El joven soldado no se sentía parte de ningún bando ya que, durante toda su vida, nadie había estado nunca del todo en el suyo. Pobre y negro, había tenido mil obstáculos, afrontado mil prejuicios. En un barrio como el suyo, ser buen estudiante y no entrar en ninguna banda era como ponerse una diana en el pecho. Por otro lado, siempre recibía de los blancos miradas de sospecha, temor, o condescendencia.
Al final, su amor por aprender le obligó a elegir lado, un período de servicio en el ejército le abriría las puertas de la universidad, de un futuro.
Ahora formaba parte de uno de los dos bandos en conflicto, en teoría el más fuerte, el que le correspondía, el de los buenos. Pero el joven soldado no terminaba de sentirlo propio, sólo se sentía comprometido con los hombres con los que llevaba un año compartiendo miedos y peligros, sus hermanos de armas.
Lo más paradójico era que, después de un año en aquel desgraciado país intentado simplemente seguir vivo, era en la derrota, en la retirada, el momento en el que se sentía bien por primera vez.
Estaba agotado, llevaba días casi sin dormir ayudando a la multitud que huía del imparable avance del enemigo.
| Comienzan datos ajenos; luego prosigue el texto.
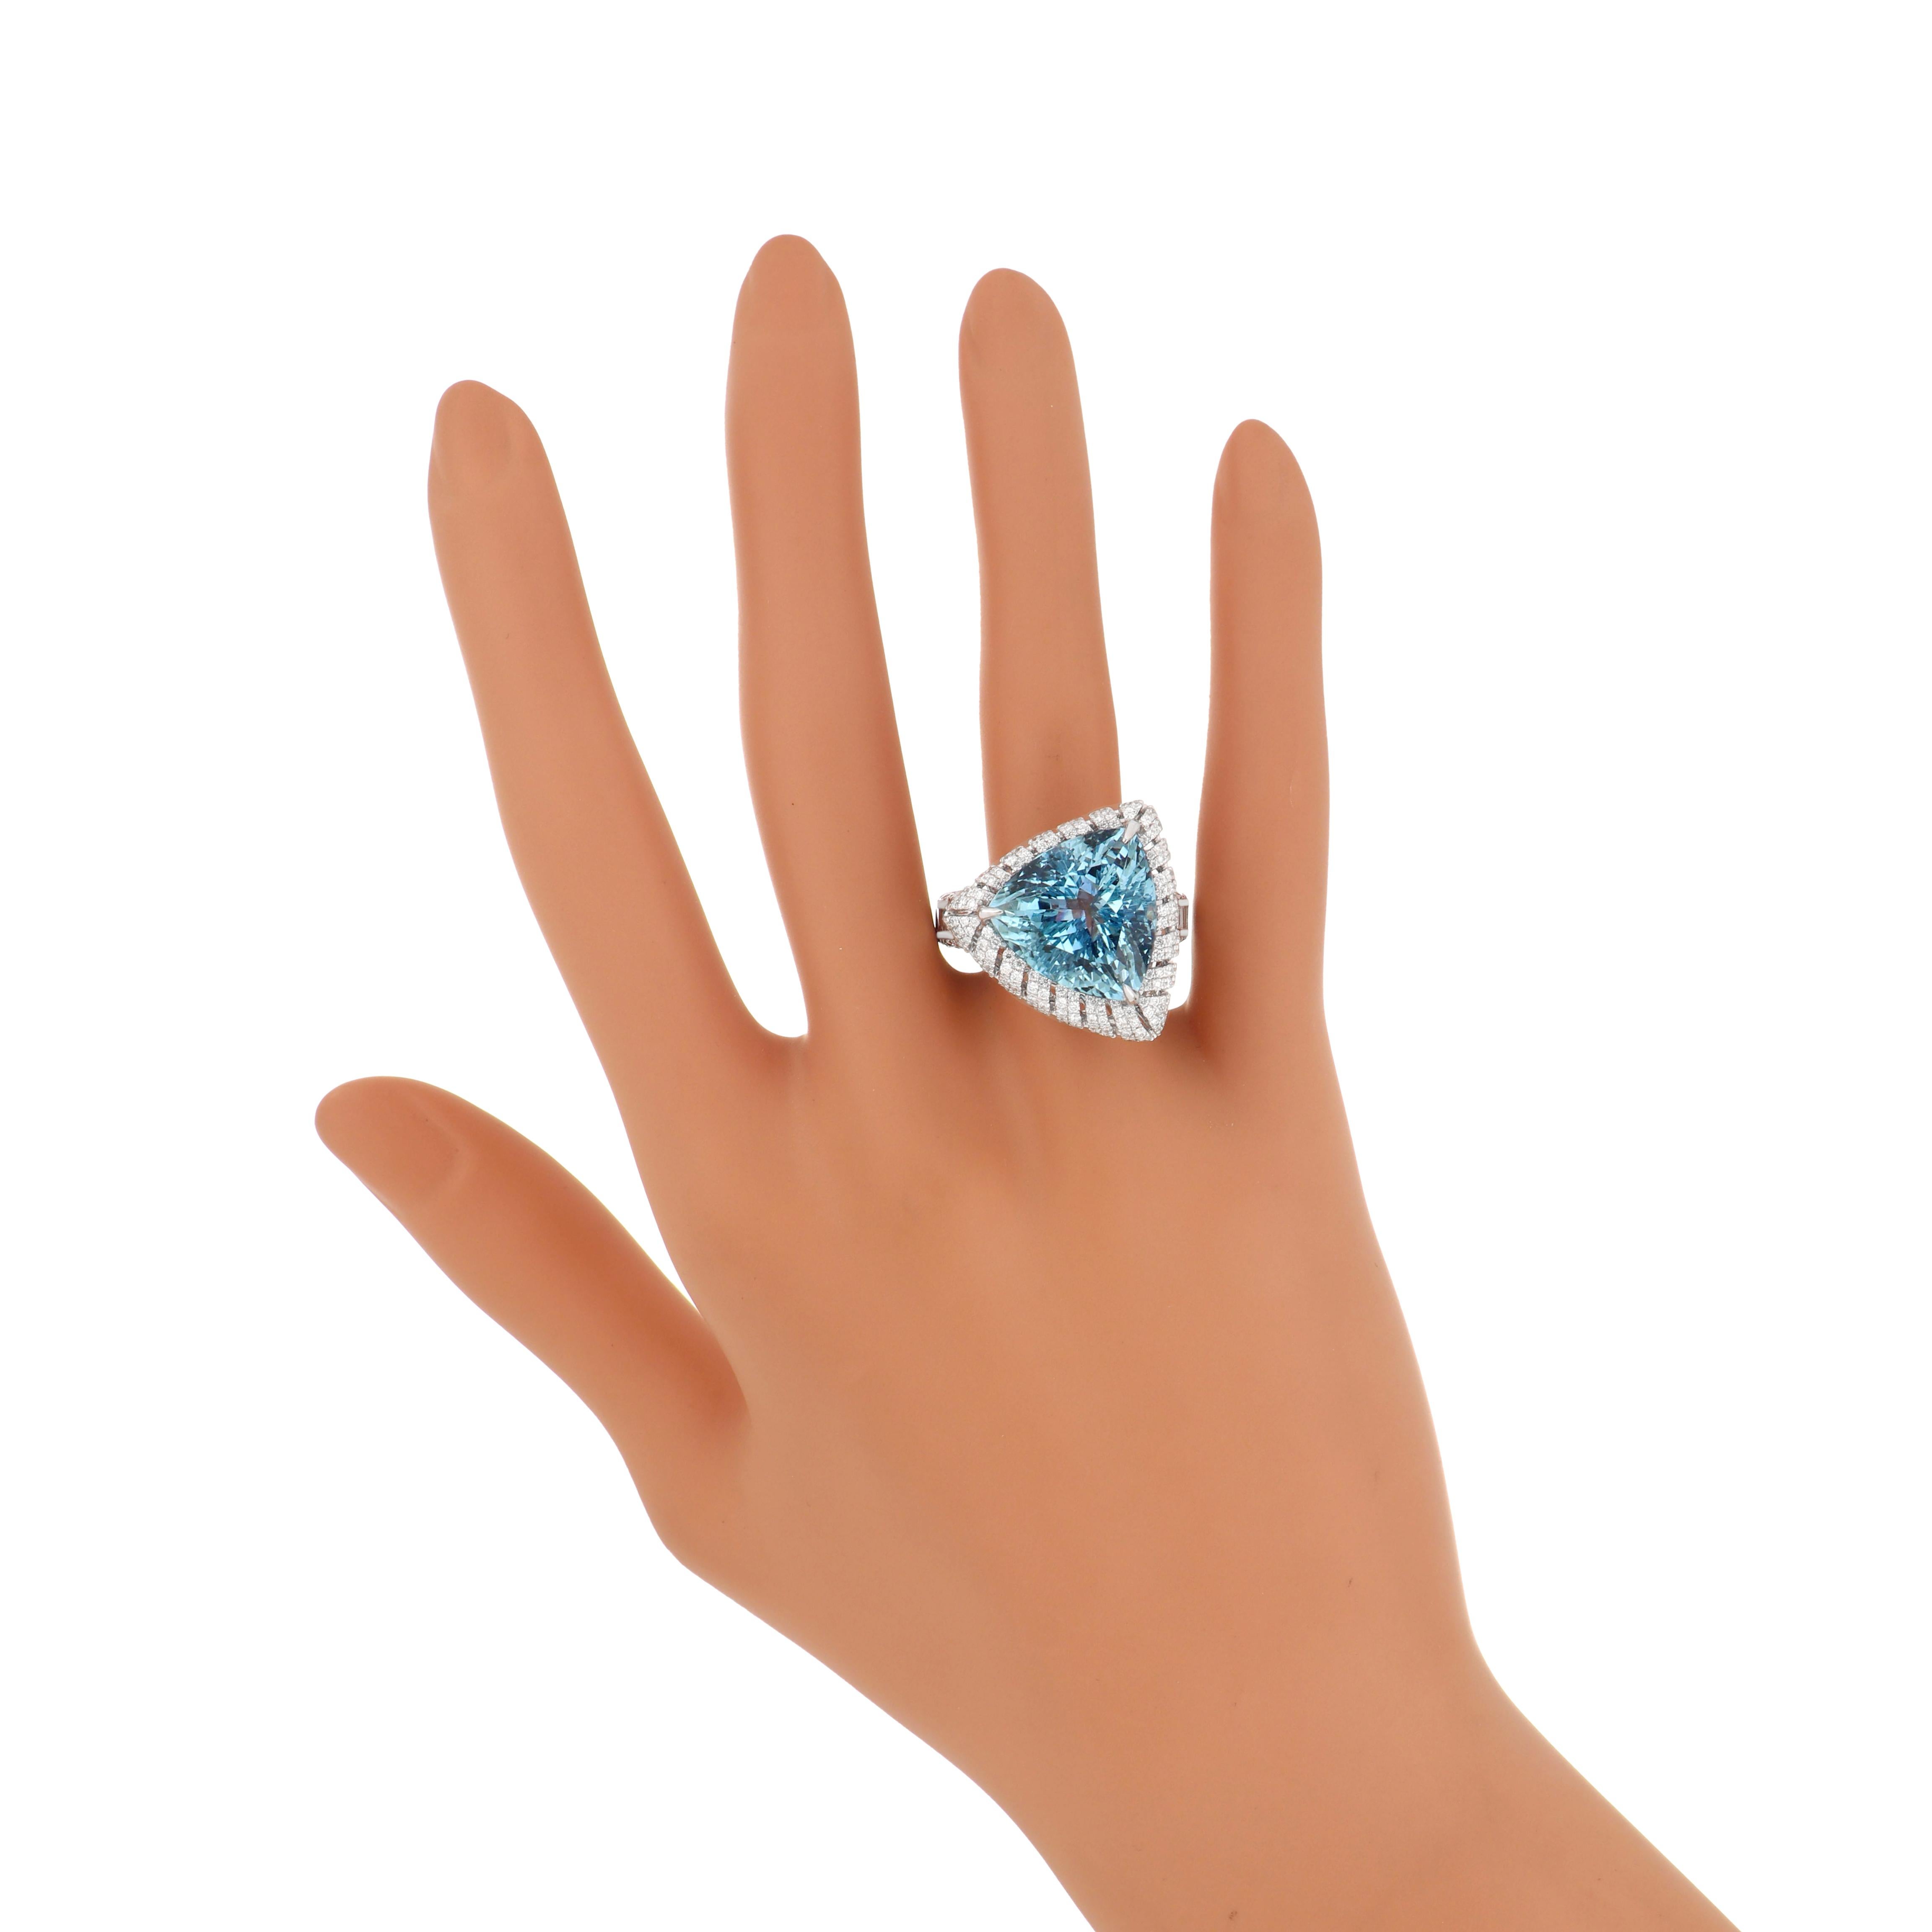 Step into the world of unparalleled luxury with our impeccably crafted 18 karat White Gold Ring. Gracing its center is a majestic 12.6 carat (approx.) Trillion Shape Aquamarine, radiating beauty and grace. Encircling this stunning gemstone is a halo

Nunca había sido más feliz.
En la pequeña parcela bajo su control, en esa tierra de nadie, no había bandos enfrentados, sólo gente desesperada que, como él, buscaban un futuro mejor y a la que podía ayudar a conseguirlo. Las sonrisas de una familia que atravesaba el control, la expresión de gratitud de un niño al que ofrecía una chocolatina le llenaban el corazón. Sonreía.
Era Abbey Gate, una de las entradas del aeropuerto de Kabul, era 26 de agosto de 2021, le quedaban 5 minutos para que un terrorista suicida le matara.